President Trump narrowly won Florida in 2016, thanks largely to voters 65 and over — 21% of the electorate — who backed him by 9 percentage points over Hillary Clinton. But the administration’s bungled response to the pandemic has left those most at risk to the virus exposed. Polls show presumptive Democratic challenger Joe Biden either tied with Trump or slightly ahead.
“We have our leaders kind of making this a political issue and coming up with talking points which are not rooted in science,” Nagalapadi said. “They communicate that it’s no big deal — even if you get the virus, you’re going to be OK — you don’t have to follow common-sense social guidelines. It’s a huge disservice to that vulnerable population.
“My patients come and ... say, ‘I heard this on TV. What are your opinions on that?’ And without getting political, I say, ‘I don’t think it’s true with regards to you.’”
Jon-Marc MacLean, lead pastor at Hope Lutheran Church, which sits across a wide boulevard from one of the Villages’ golf courses, said that a need for answers and comfort had brought many people to his door.
“The largest connecting point we have is through worship,” said MacLean. “A lot of it has to do with one-on-one calls and counseling.
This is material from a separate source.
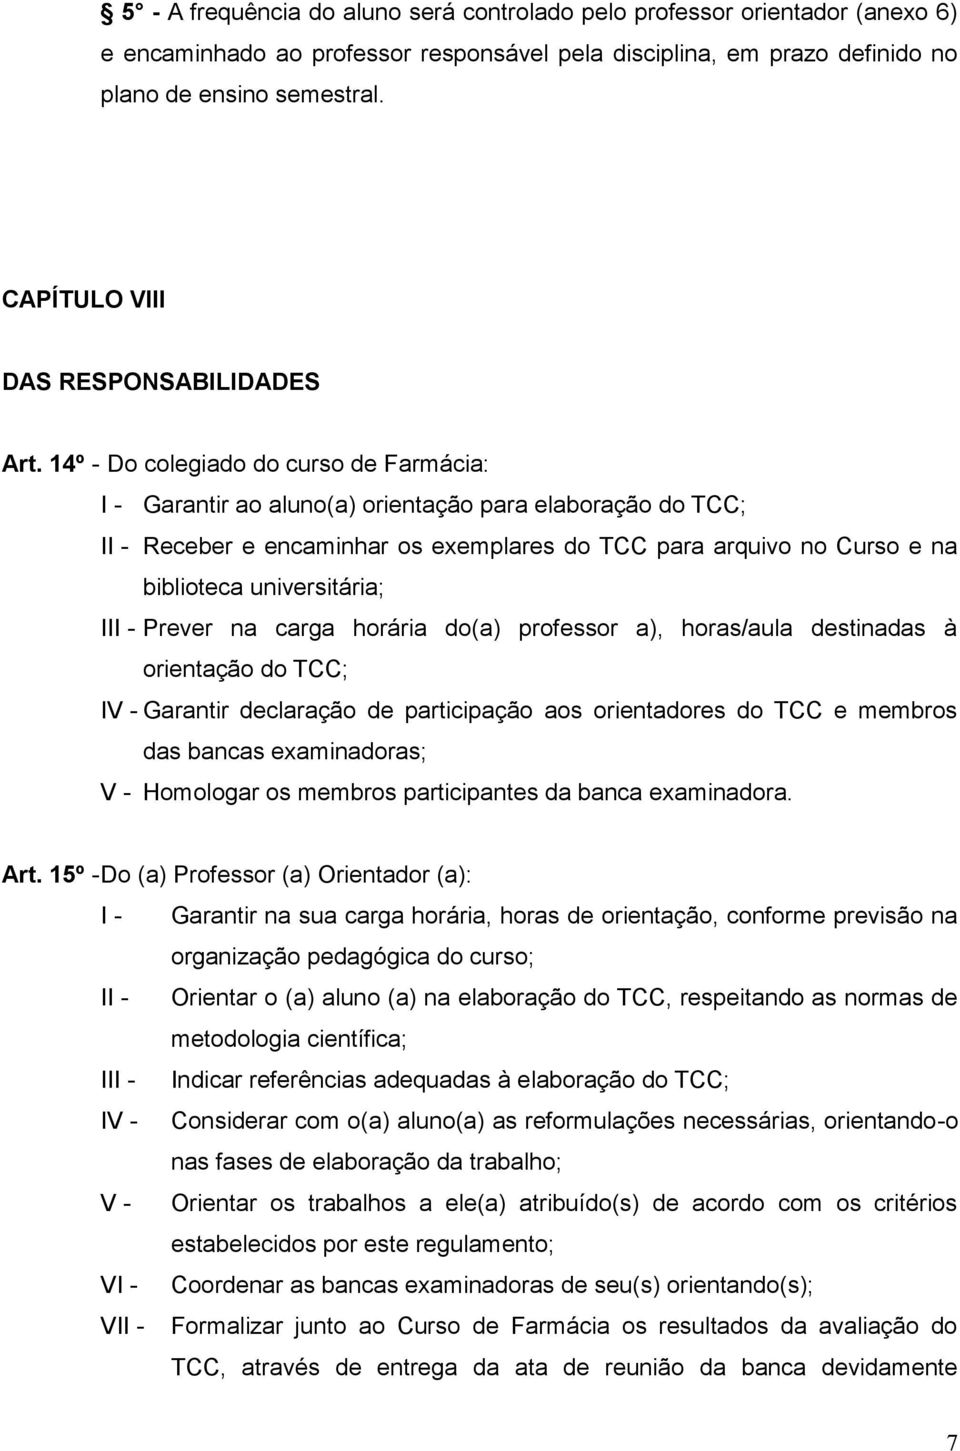 14º - Do colegiado do curso de Farmácia: I - Garantir ao aluno(a) orientação para elaboração do TCC; II - Receber e encaminhar os exemplares do TCC para arquivo no Curso e na biblioteca

The biggest part for me is dealing with folks in the middle of actual loss, whether it’s from COVID or not.
“The disconnection is rampant,” he added. “The overwhelming fear among the pastors was that we were going to see a spike in suicides nationally because of people who are cut off and are not able to be in places where they would usually have support in a community.”
But these days of anger over politics and race make unity elusive.
“Red and blue as far as politics or black and white as far as skin —whatever it’s going to be,” MacLean said, “I think that’s created by fear. There’s a lot of people who are afraid. Everything is changing out of our control, so I don’t want anything in my control to change.”
There is little confusion about politics in the Villages, a solid slice of red the president carried in 2016 with nearly 70% of the vote. This community is almost 98% white and about two-thirds Republican. But due in part to COVID-19, Trump’s support may be eroding here too.
Forst and Garcy, who both describe themselves as conservatives, will not be voting for Trump in November, largely because of his party’s response to the pandemic.
“It’s politicized at all levels. Statewide, everything,” Forst said. “This is a serious problem. They need to stop this nonsense and work together and get this country back on track.”
It’s hard to take it all in — stay safe, sane and not so alone — but what can a person do when danger lurks on the fairways and lingers in the bungalows?
“I’m trying to avoid that with the attitude and the physical stuff that I do each day,” Forst said. “Because hey, you either get on with living or get on with dying.”